Obernolte, who made his career as a video game developer before being elected to Congress, called himself an “AI optimist.”

He said it has the power to improve Americans’ everyday lives, like leading to lower grocery and gas prices.

“Any time that you enhance the productivity of our economy, the natural consequences are that things become less expensive to produce, and that creates a rising wave of prosperity that lifts all the boats. So that’s one of the reasons why AI could be a tremendous force for good,” Obernolte explained.

WHAT IS ARTIFICIAL INTELLIGENCE (AI)?

Artificial intelligence in government efforts

The California Republican added that AI development comes with “substantial risks,” including more sophisticated cybercrime efforts, like AI being “used by nefarious actors to spread myths and disinformation” and “to pierce through digital data privacy” to steal people’s information.

“We say that bad people are going to be bad, and they’re going to be bad more effectively with AI, so AI can be used to enhance the ability of cybercriminals to conduct cyber fraud,” he said.

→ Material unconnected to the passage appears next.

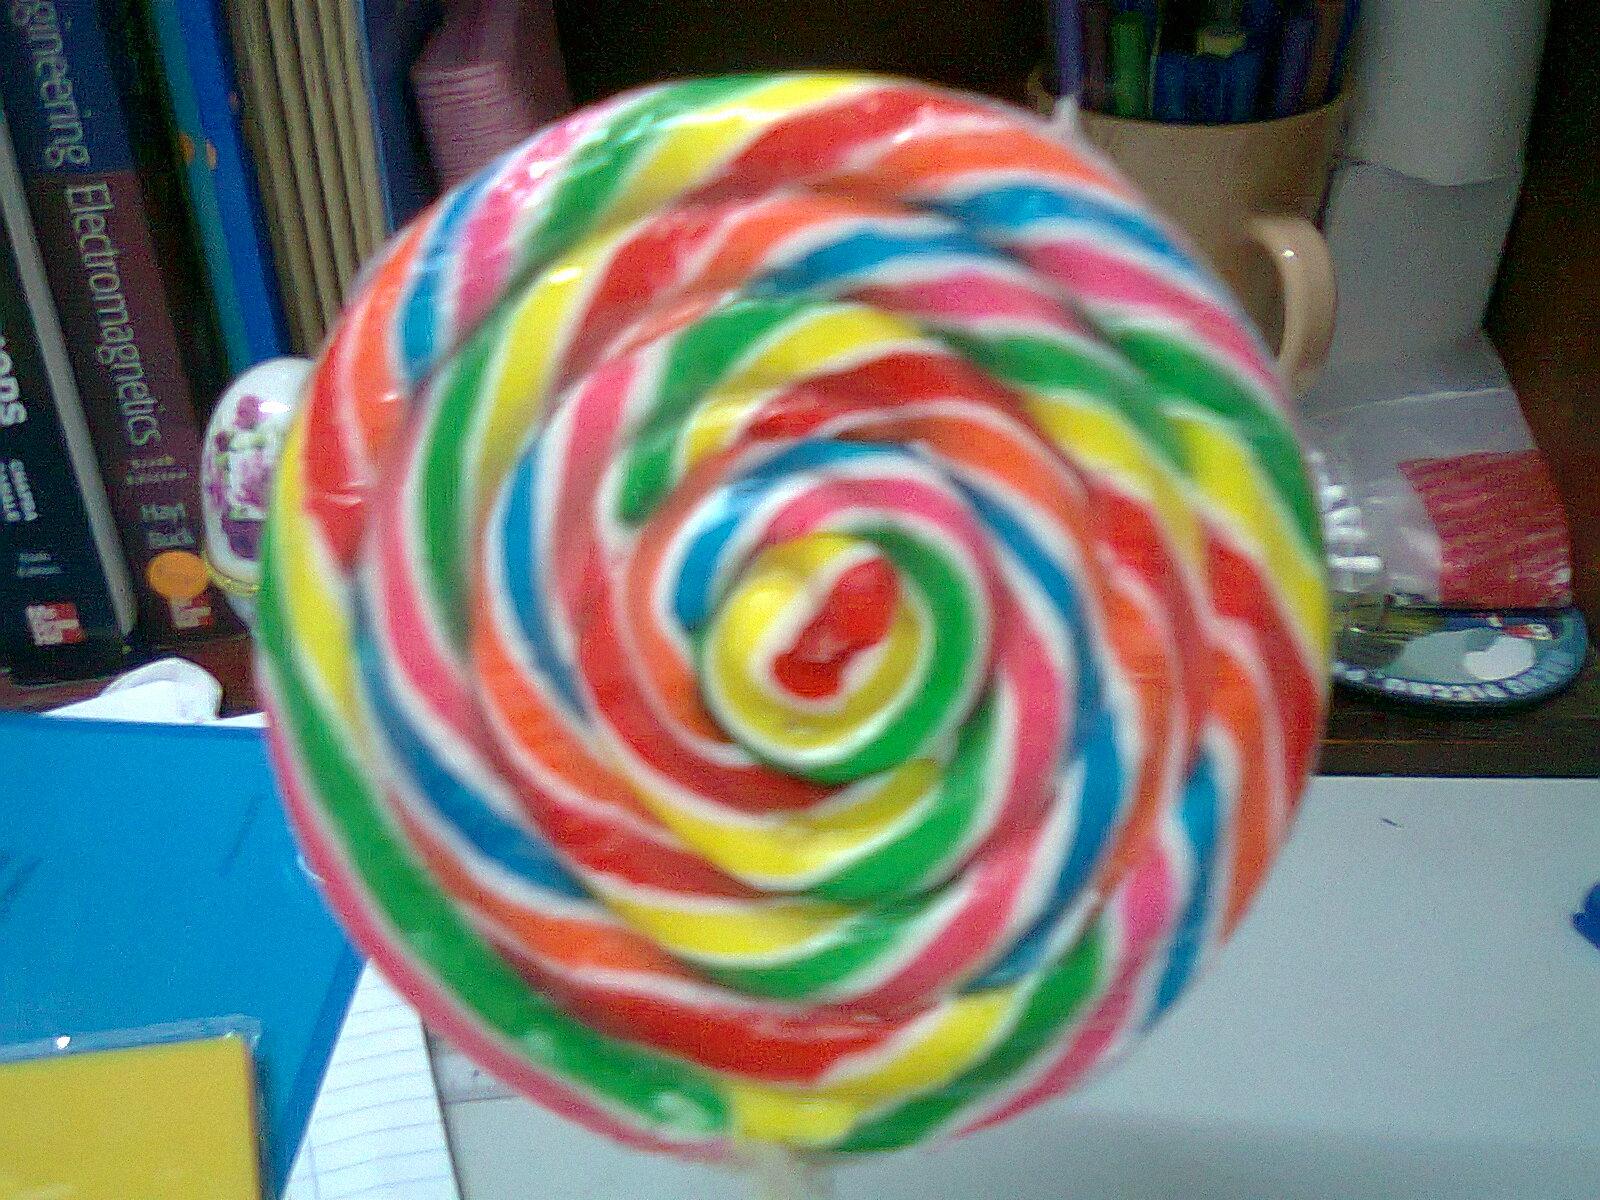 Awak tgk la lollipop ni.mase cuti sem ai tu sy cakap dengan mr.P yg saya  nak lollipop besar kepala.mase tu sy saje2 je.ape2 yg terlintas kat kepala  sy,sume

The task force came together by way of a bipartisan initiative announced last month by Speaker Mike Johnson, R-La., and House Minority Leader Hakeem Jeffries, D-N.Y. It’s co-chaired by Obernolte’s fellow Californian, Rep. Ted Lieu, a Democrat. 

Obernolte said the main focus of his task force would be creating a comprehensive report with recommendations on the next steps in terms of Congress’ role in AI. However, he stressed that legislation should be the end goal to provide long-term stability to the new industry.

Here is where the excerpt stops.